Again, we’re only working with a handful of balls in play, so there’s no reason to panic solely because of those. Like Jones, we’re just identifying items you want to watch for, in order to see if a trend is developing. This will help you make an informed decision about a player’s current ability level, for better or worse. Sheffield has some indicators that his bat speed has slowed-he also has a wrist injury in his recent past and a finger injury at present, both things that can hinder a swing-and if this is the case, you’re going to have to find a better option for your team than a 39-year-old who swings a bat like it’s a telephone pole. We’ll know if it’s the finger or aging soon enough.

What we’ve seen of Richie Sexson this year looks like a vast improvement over the 2007 model that hit just .205/.295/.399, as he’s currently hitting .244/.392/.463 for the Mariners. That’s a .220 Isolated Power, which is fine as long as you hit around .250 or up, but is not very useful when you hit .205. The .392 OBP is where I want to focus, though, because that’s the product of a walk rate almost twice that of last year’s 10.5 percent mark. Sexson is walking in 19.6 percent of his plate appearances, a spike that has me worried when coupled with his strikeout rate of 34.1 percent. Sexson is making contact in under half of his plate appearances, and he’s popped up as often as he’s hit a liner so far this year.

Sexson is also having trouble with everything that isn’t straight or thrown near the middle of the plate, which makes me think that the 33-year-old is having bat speed issues. The spike in walk and strikeout rates coupled with this makes a convincing case to watch for this potential trend. In addition, his batting average is guaranteed to fall if he doesn’t stop striking out at this rate, as his .320 BABIP is a product of small-sample luck, since he’s only hit liners at a 15 percent clip, continuing last year’s dip from the average and Sexson’s career rates.
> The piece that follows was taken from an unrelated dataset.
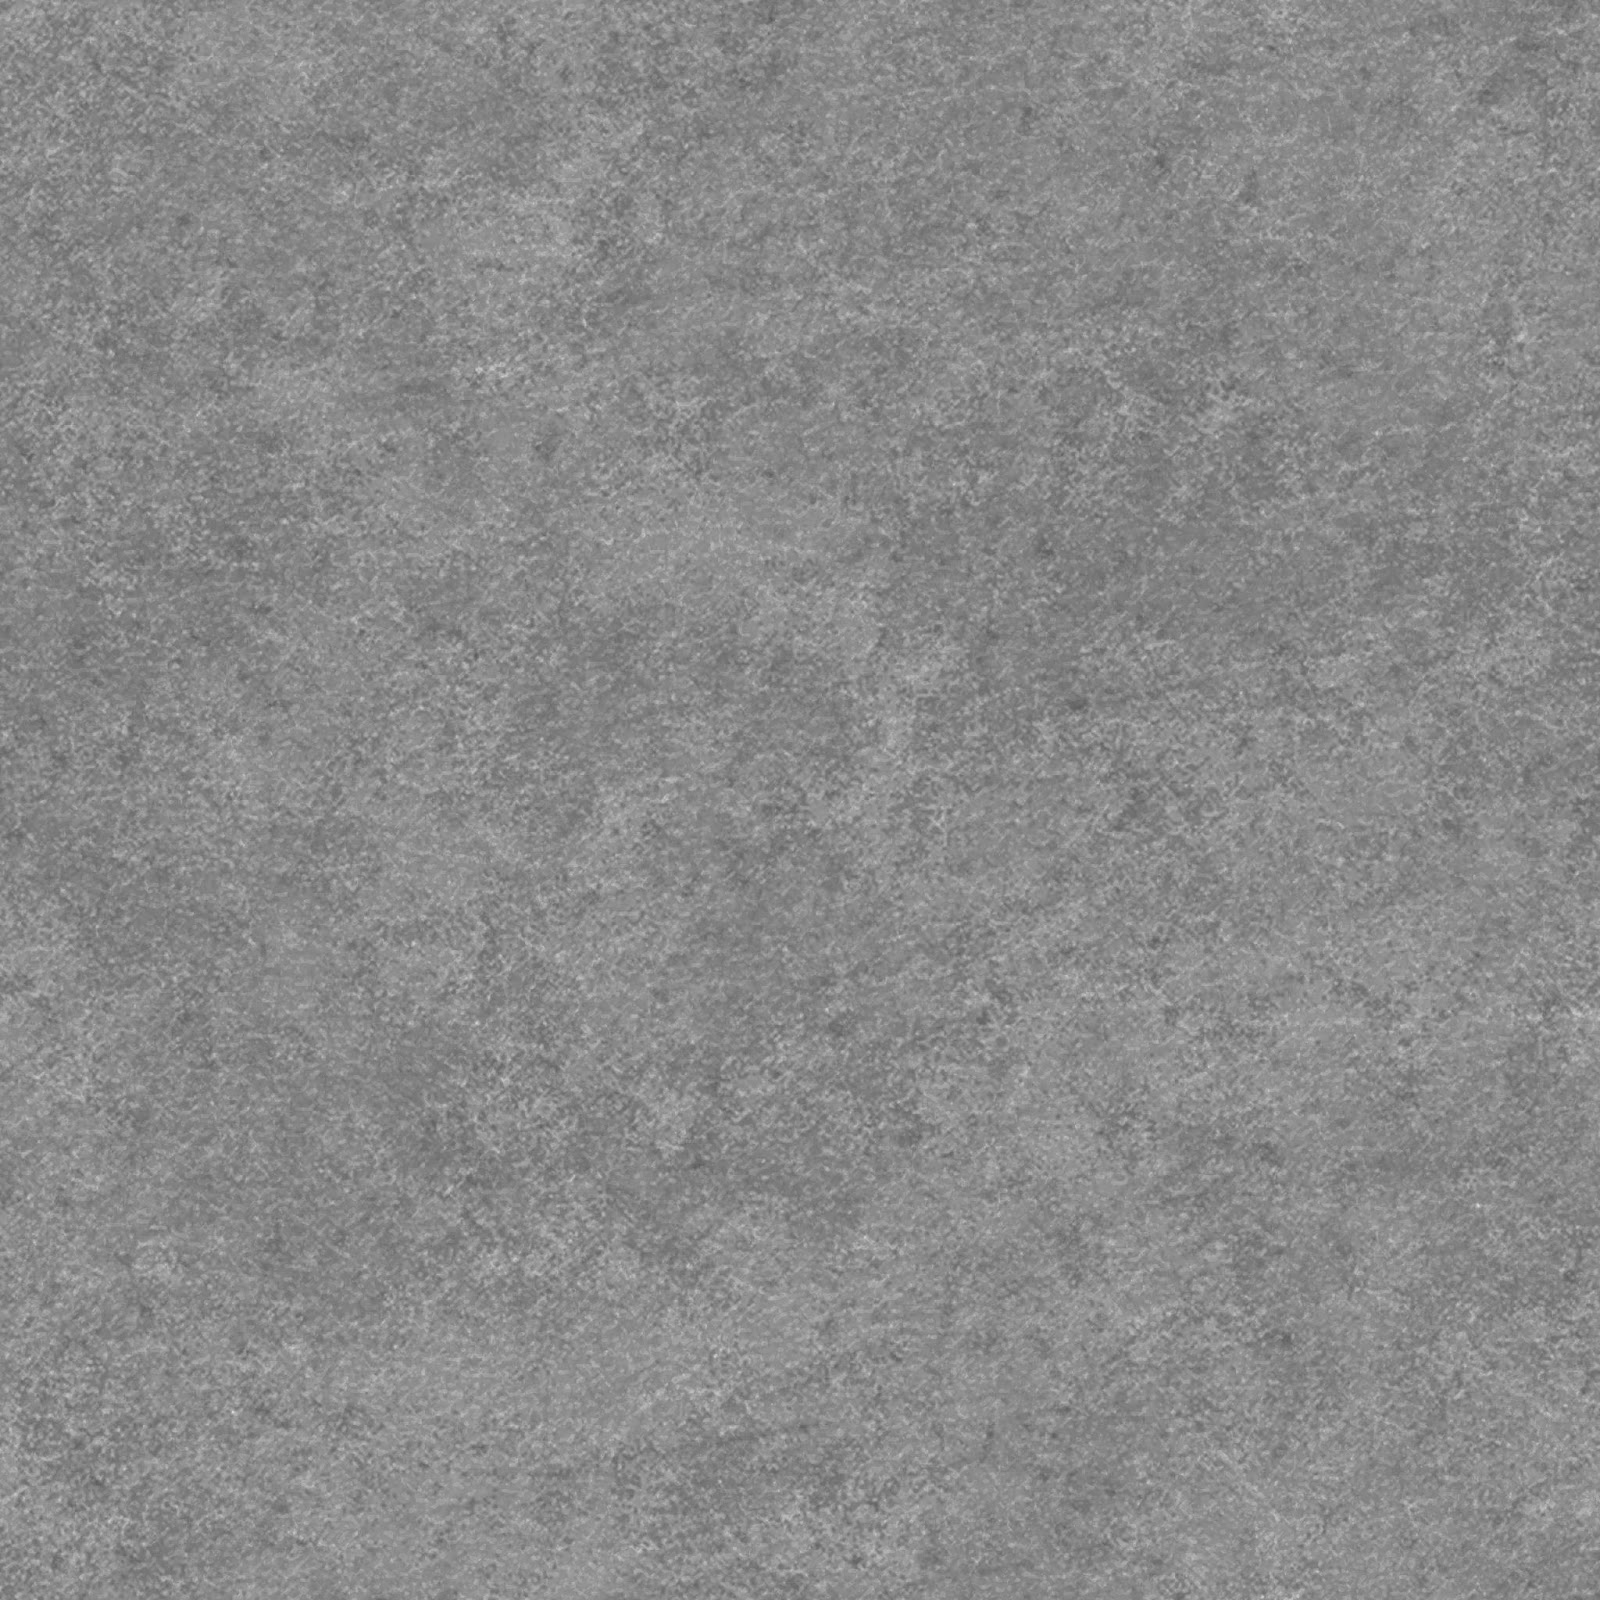 High Resolution Seamless Textures Tileable Metal Texture 16

It’s a little early to clear room on your roster for the return of Richie Sexson. Based on the numbers, don’t be shocked if we see Sexson’s average fall due to BABIP regression, his OBP dip due to pitchers challenging his bat speed, and his slugging suffer from the drop in mistake offerings down the heart of the plate. Chances are good Sexson isn’t going to be worth the effort, but keep an eye on the strikeout and walk rates to see if they even out.
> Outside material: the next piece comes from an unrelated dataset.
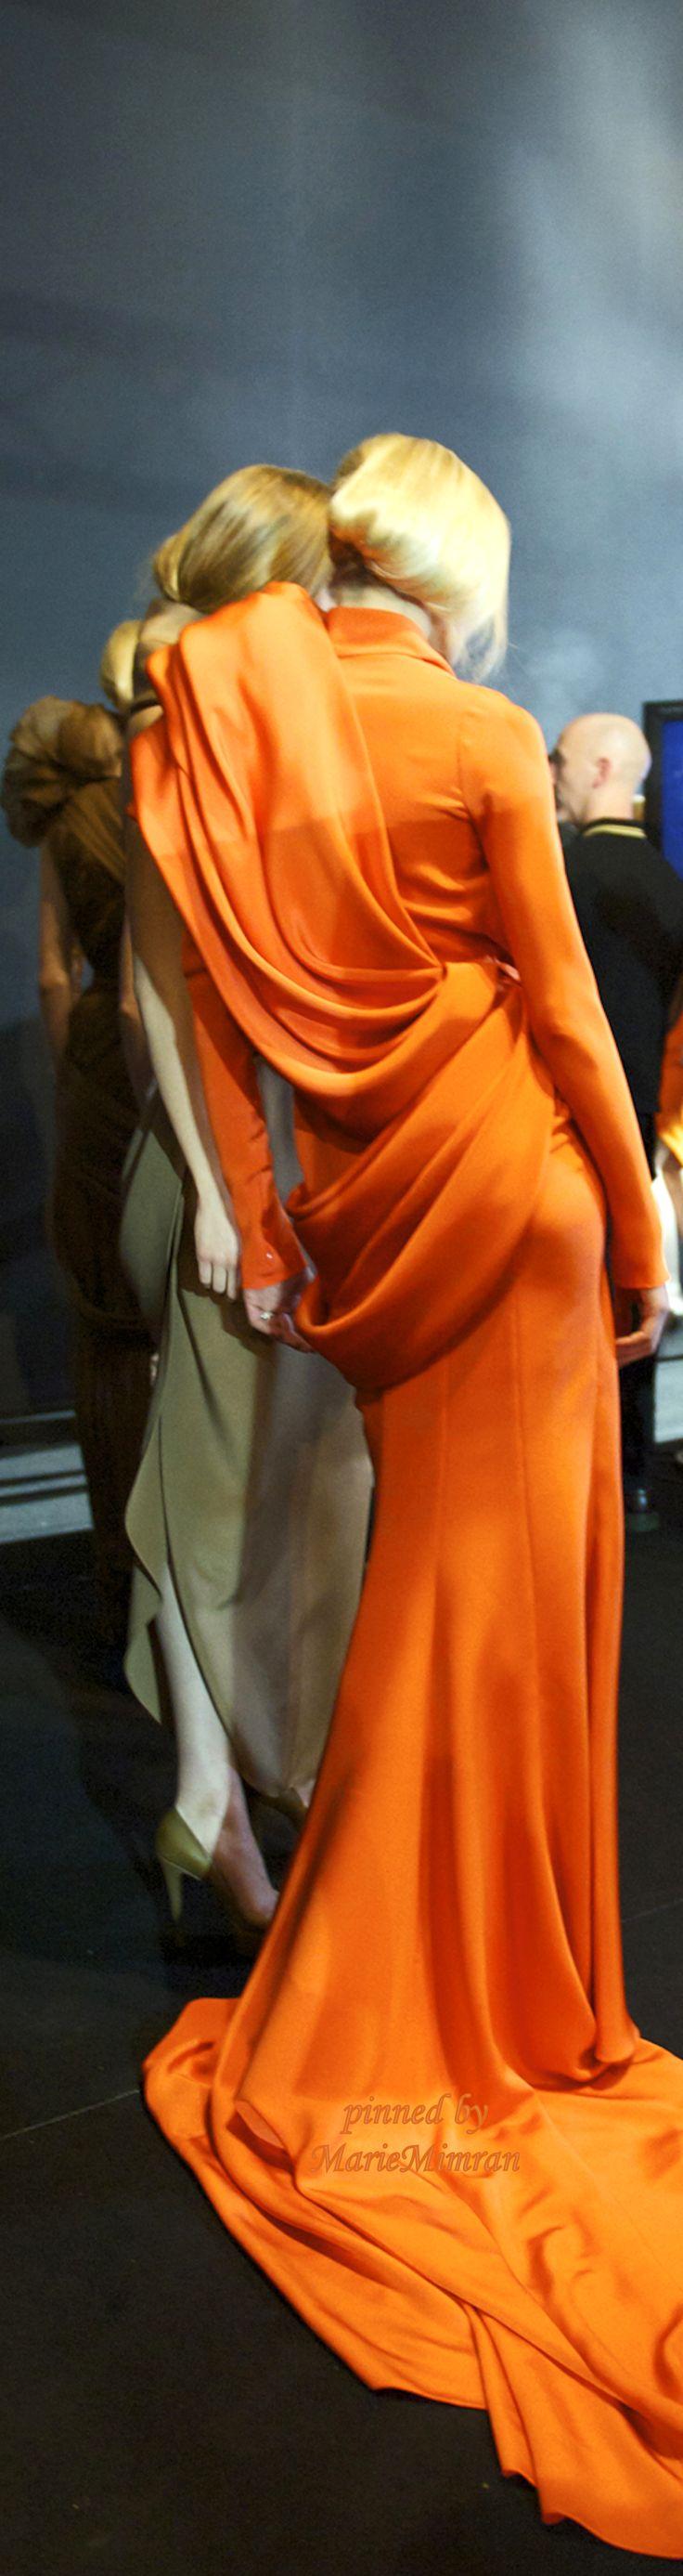 Backstage Fashion Show Stephane Rolland ++ rust orange + dress

These numbers take on a different meaning when you are looking at a younger player who is obviously not going through the same aging and bat speed issues these veterans are. In the case of Edwin Encarnacion, we have a 25-year-old hitting .171/.356/.343. The OBP is obviously solid, though the chances of a .180 point difference between average and on-base are not realistic over the course of the season. His Isolated Power of .171 is decent for third base, but he will need to boost his batting average before you see that power manifested in his line.

So far, Encarnacion has ten walks versus six hits. Two of those hits were homers, and the rest have been singles. His BABIP is just .160, well off his career rate of .307. Based on his batted-ball data, it looks as if the right-hander is having trouble squaring up on the ball; his liner rate is just 7.4 percent, and he’s hitting grounders on almost 56 percent of his batted balls. With his strikeout and walk numbers as high as they are, he’s certainly seeing enough pitches; now he just needs to pull the trigger on the right ones. He did hit .289/.356/.438 last year, which was pretty close to his expected numbers. His .323 BABIP was 16 points higher than it should have been according to his 18.7 liner rate, but that’s not a huge deal, especially for a young player who is supposed to improve as he hits his peak years.

It’s early to panic about Encarnacion on a talent level; he’s just 25 years old, and all he needs to do is hit a few more singles and cut his strikeouts down to previous rates. Encarnacion looks like a player who is just going through a rough stretch with base hits to start the season, rather than a guy who can’t handle major league pitching.